*MATERIAL PROVIDED:*
• • •

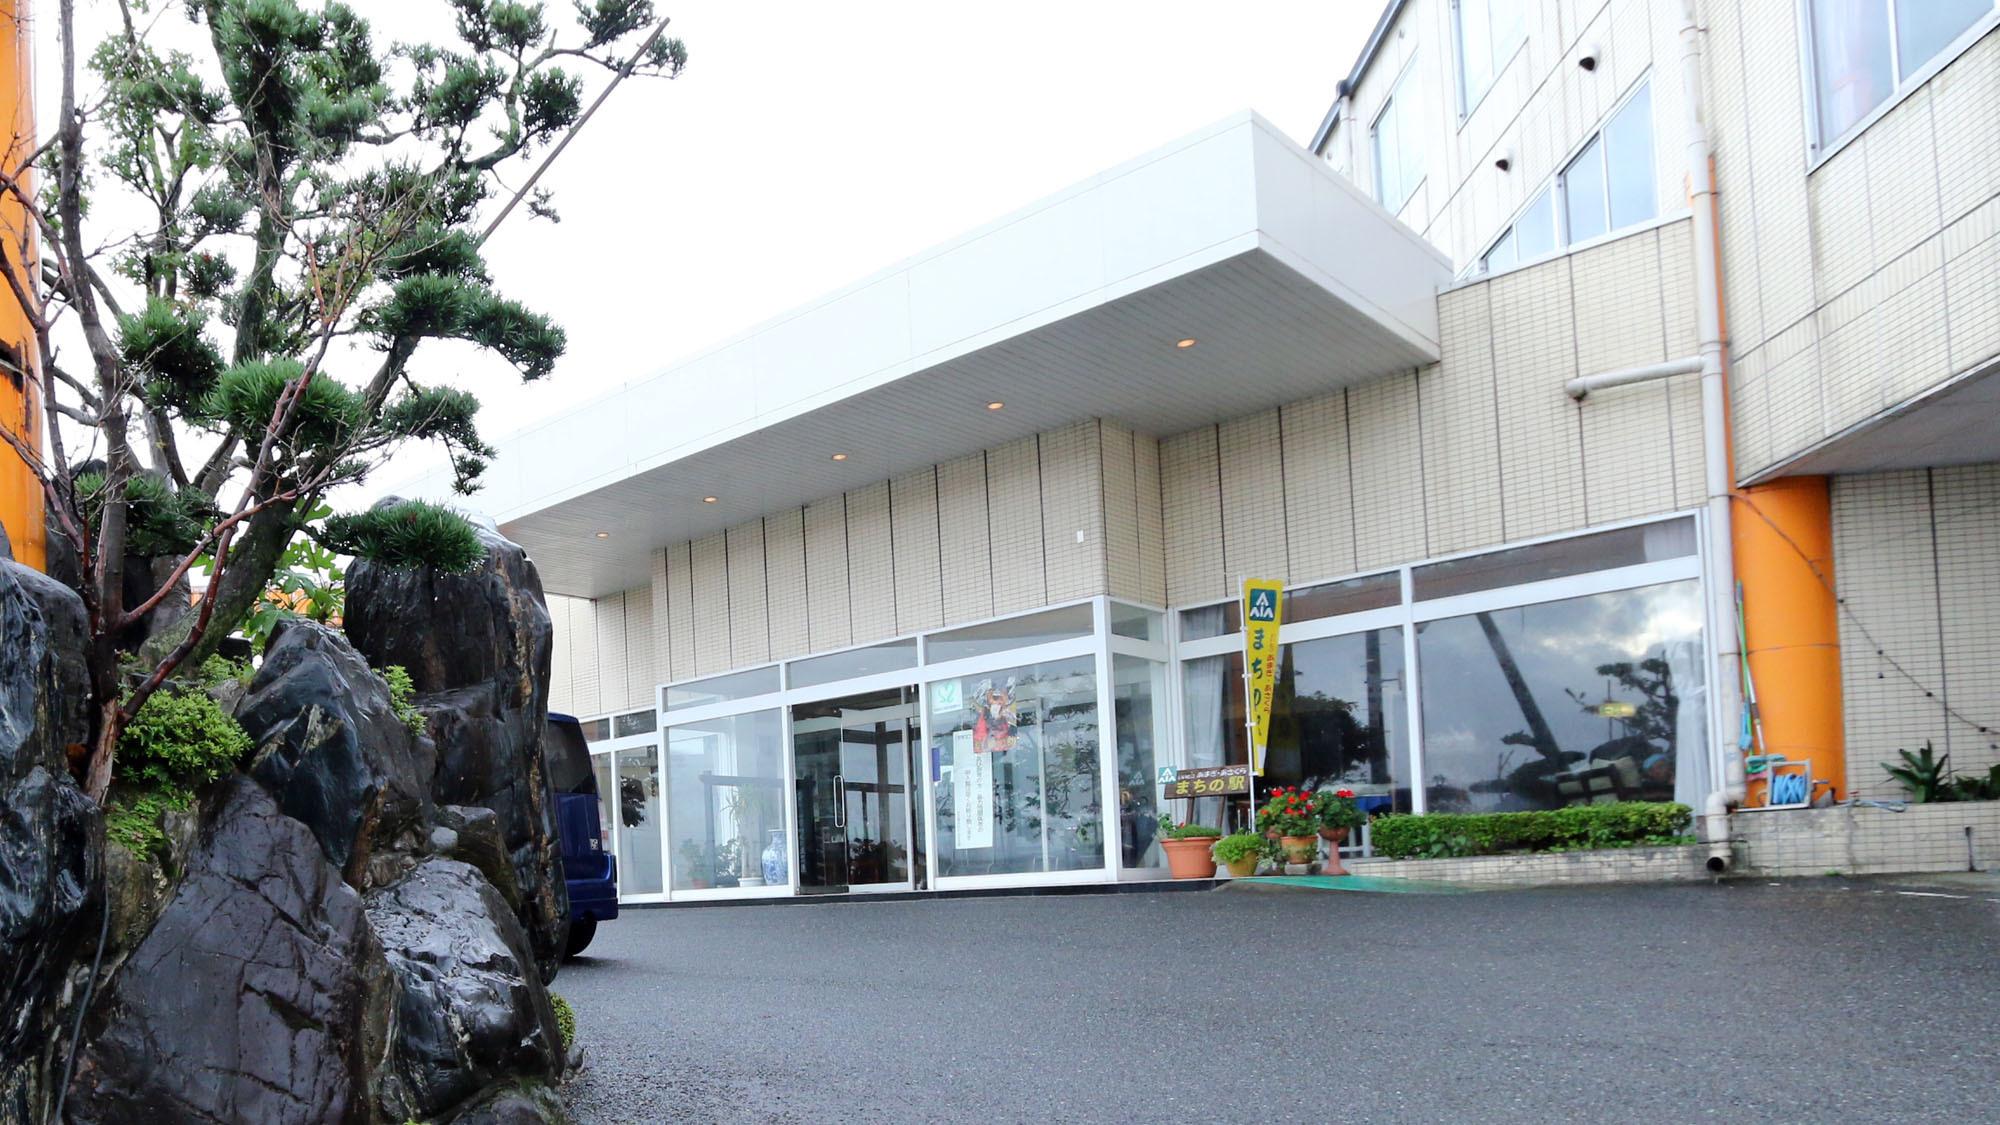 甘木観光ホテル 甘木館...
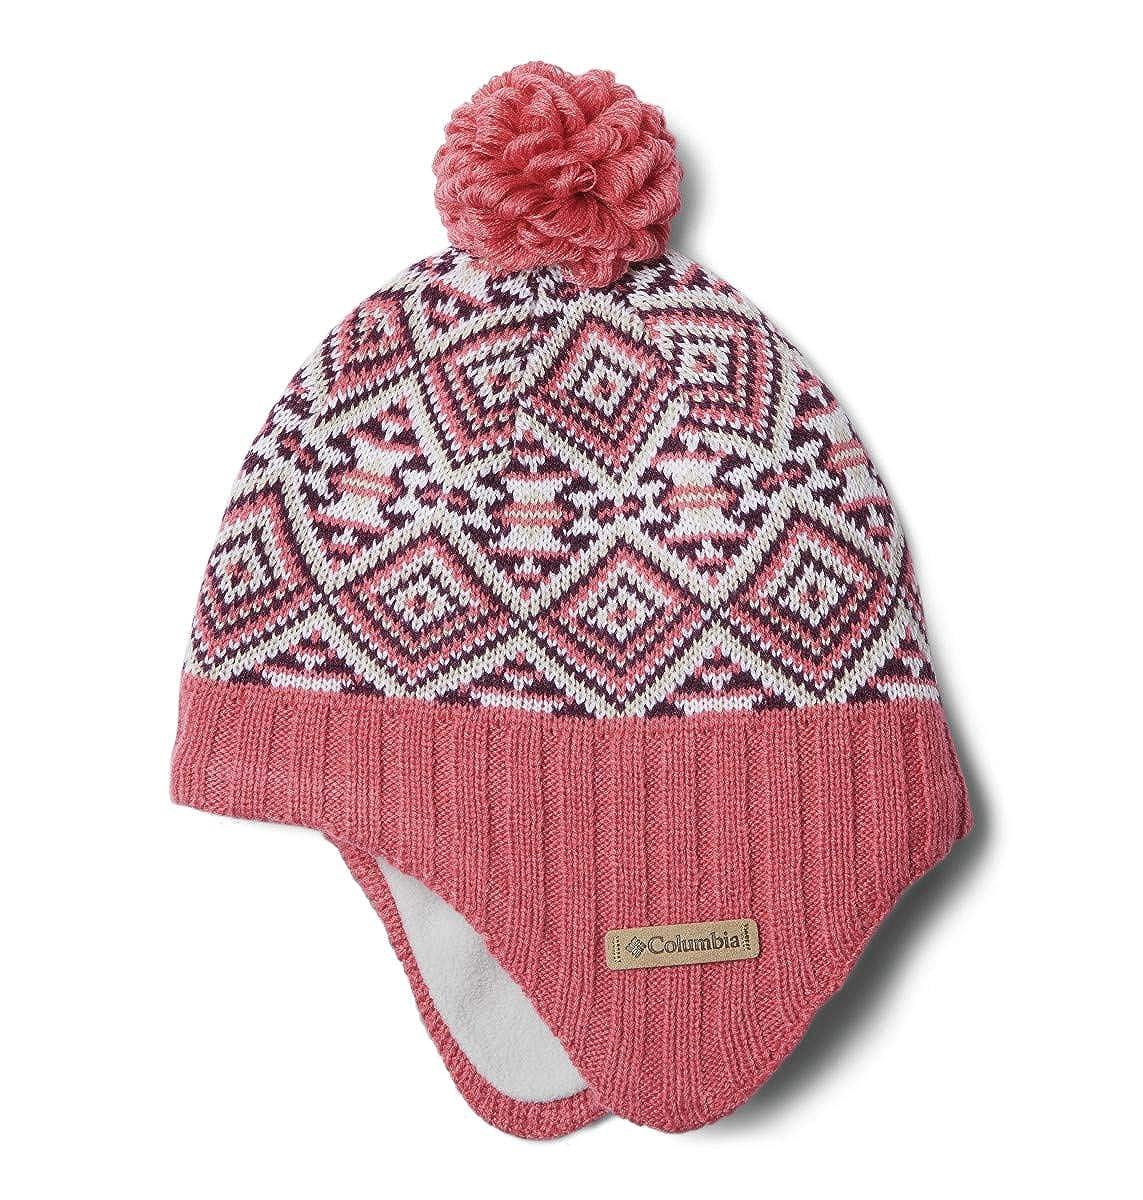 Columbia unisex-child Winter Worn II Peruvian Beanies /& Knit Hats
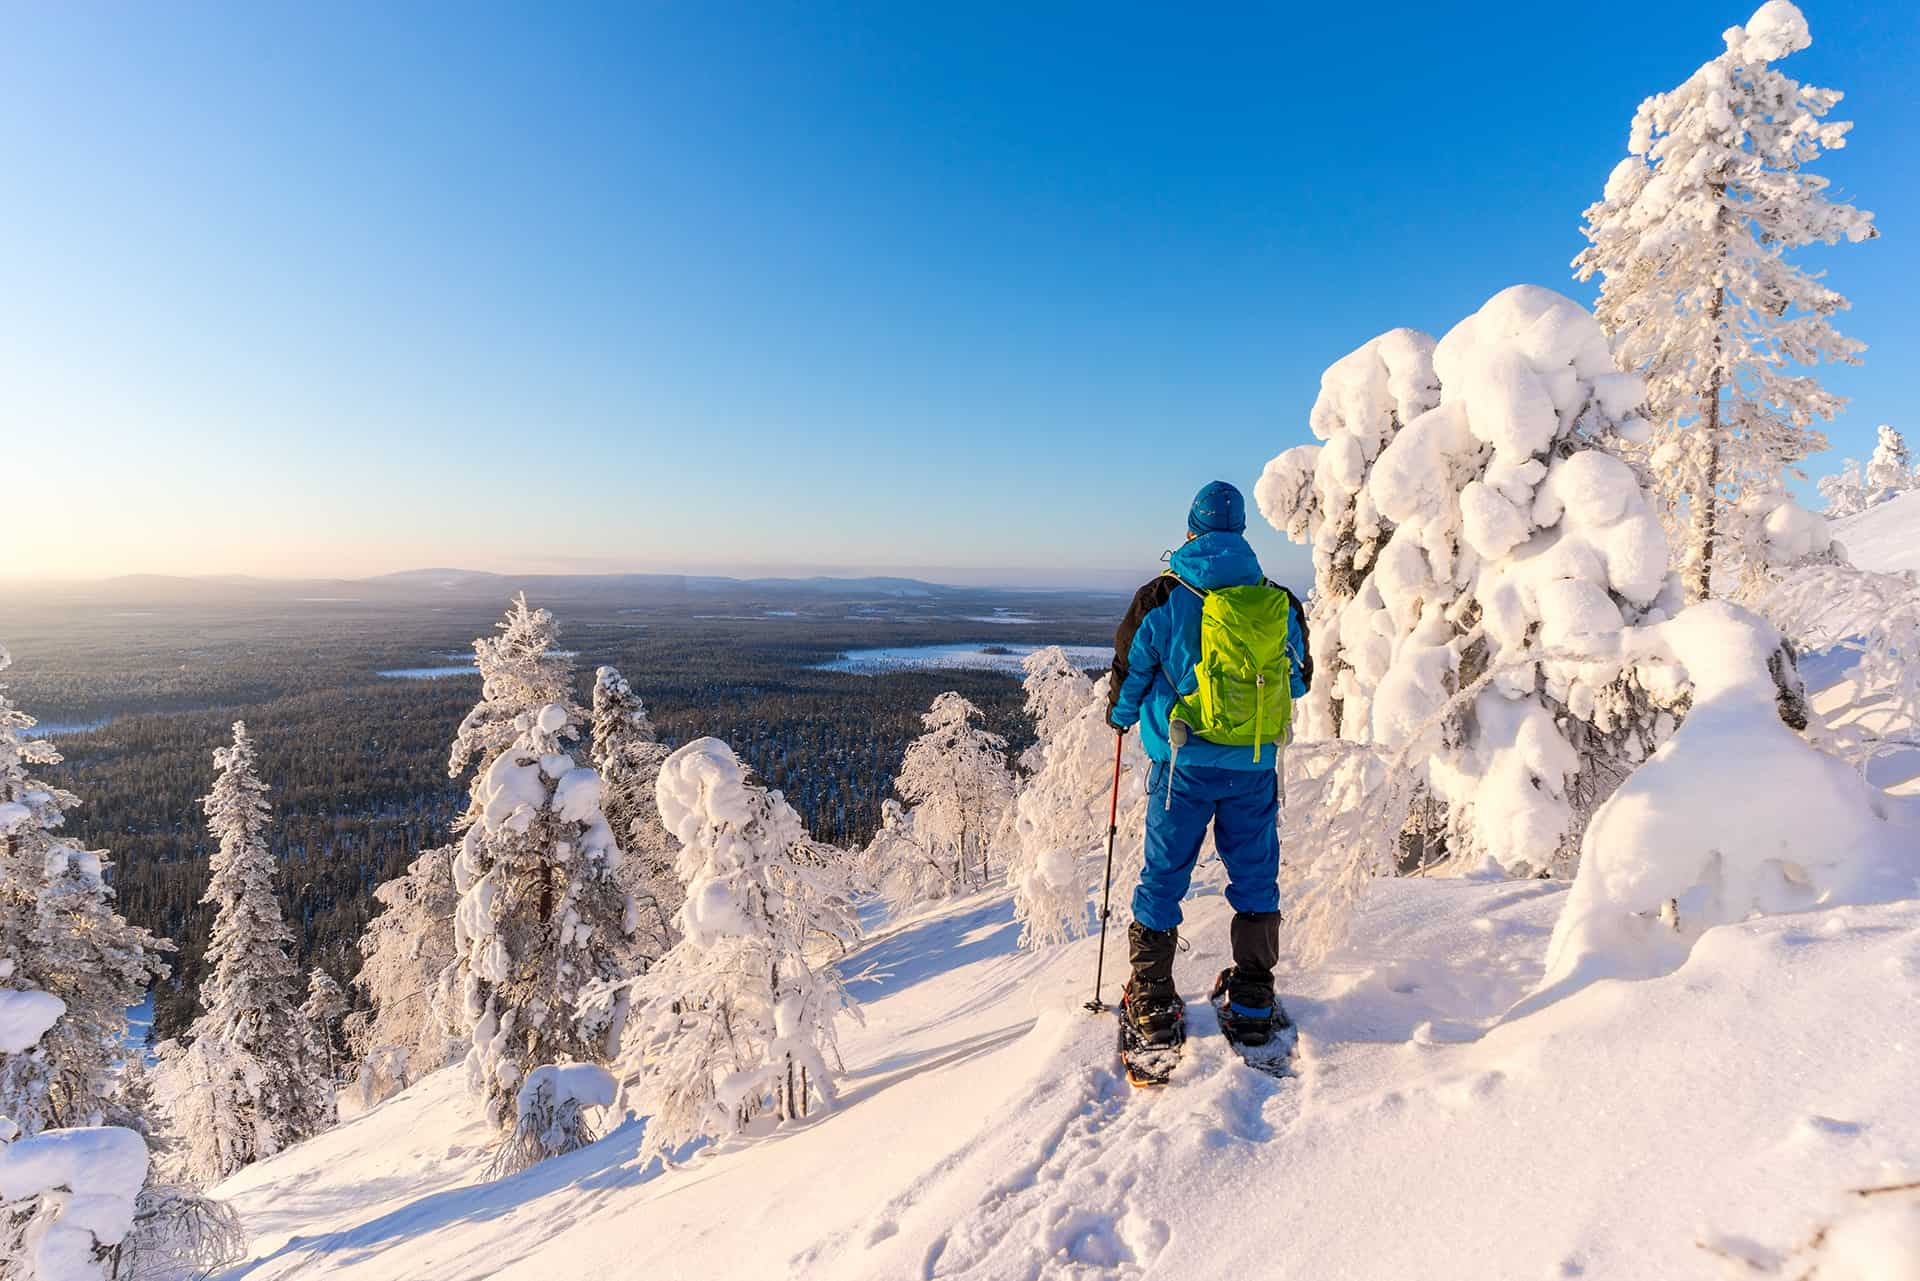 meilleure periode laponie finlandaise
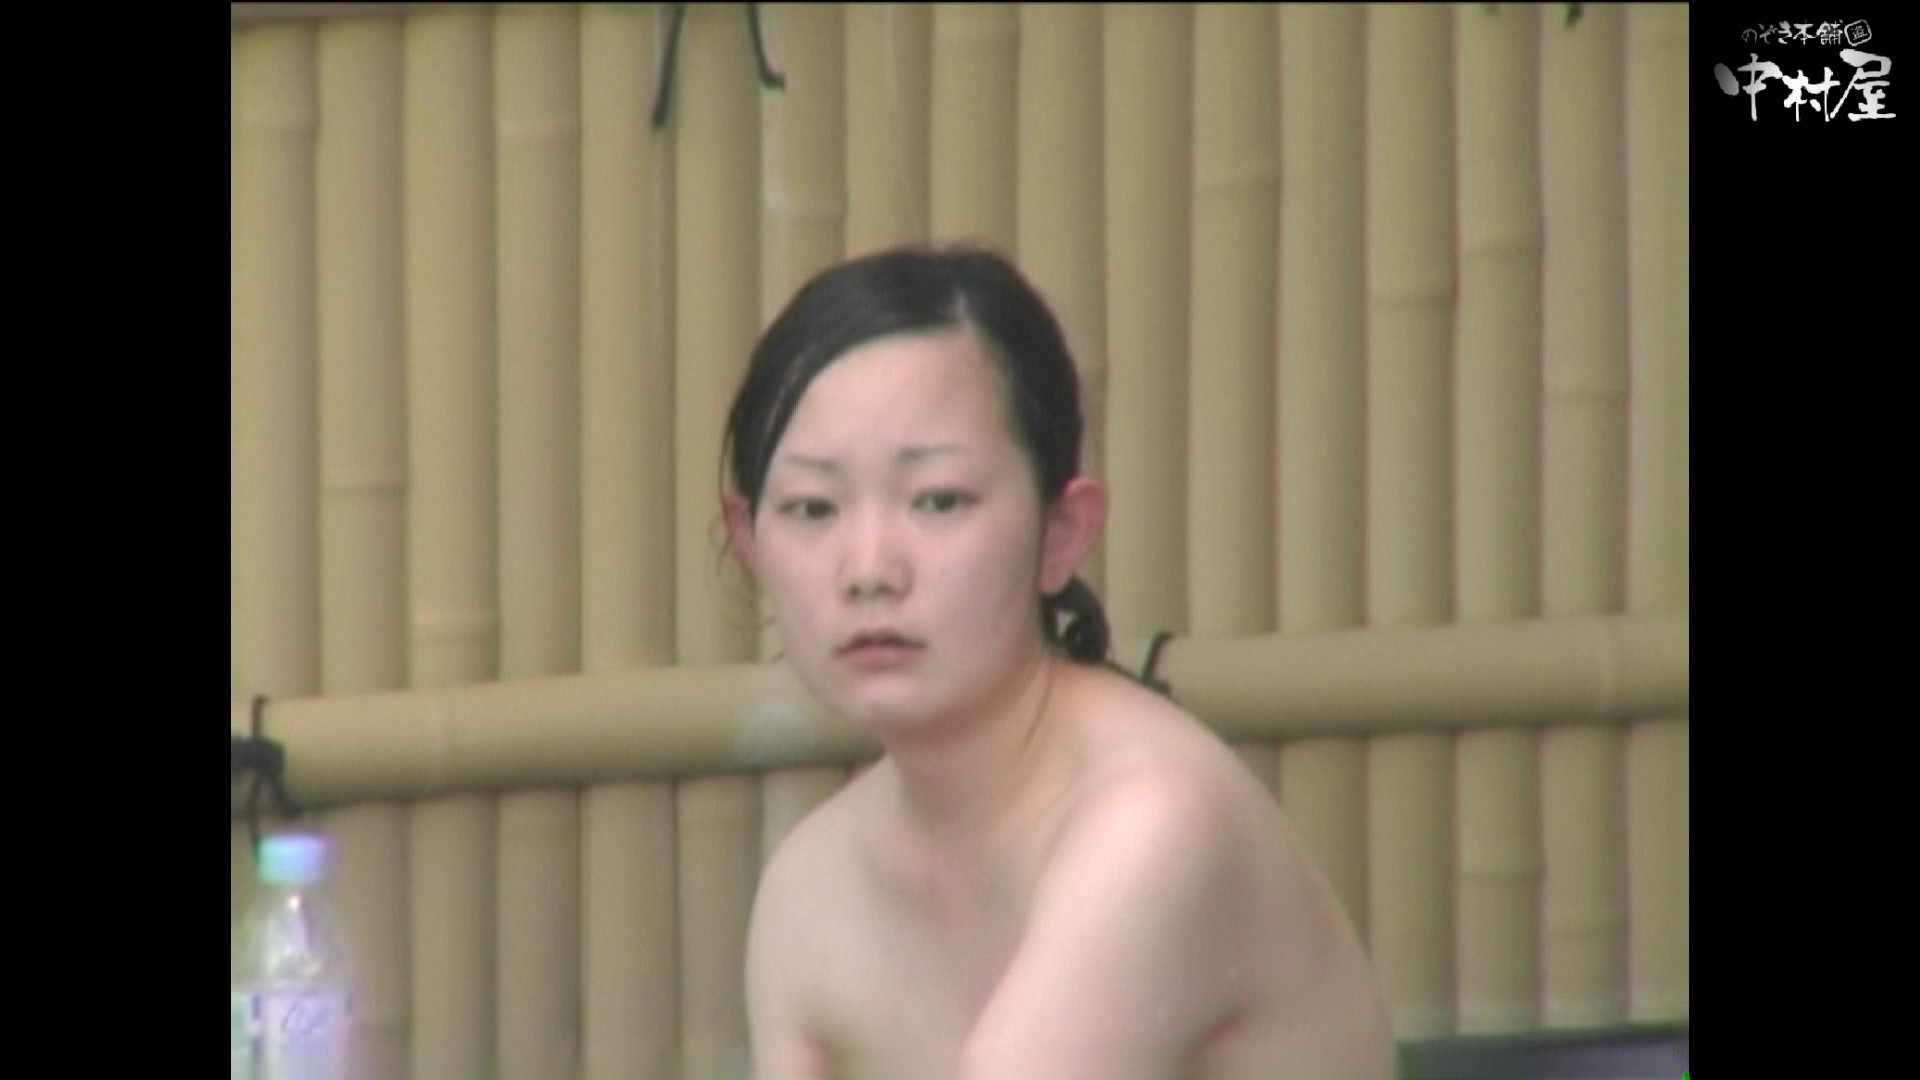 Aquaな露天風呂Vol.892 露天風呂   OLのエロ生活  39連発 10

• • •

*EXERCISE:*
Could you return, word for word, every line from the line with "meilleure periode laponie finlandaise" through the last line of the listing above, both ends included, without any pictures?

*SOLUTION FOR THIS TASK:*
 meilleure periode laponie finlandaise
 Aquaな露天風呂Vol.892 露天風呂   OLのエロ生活  39連発 10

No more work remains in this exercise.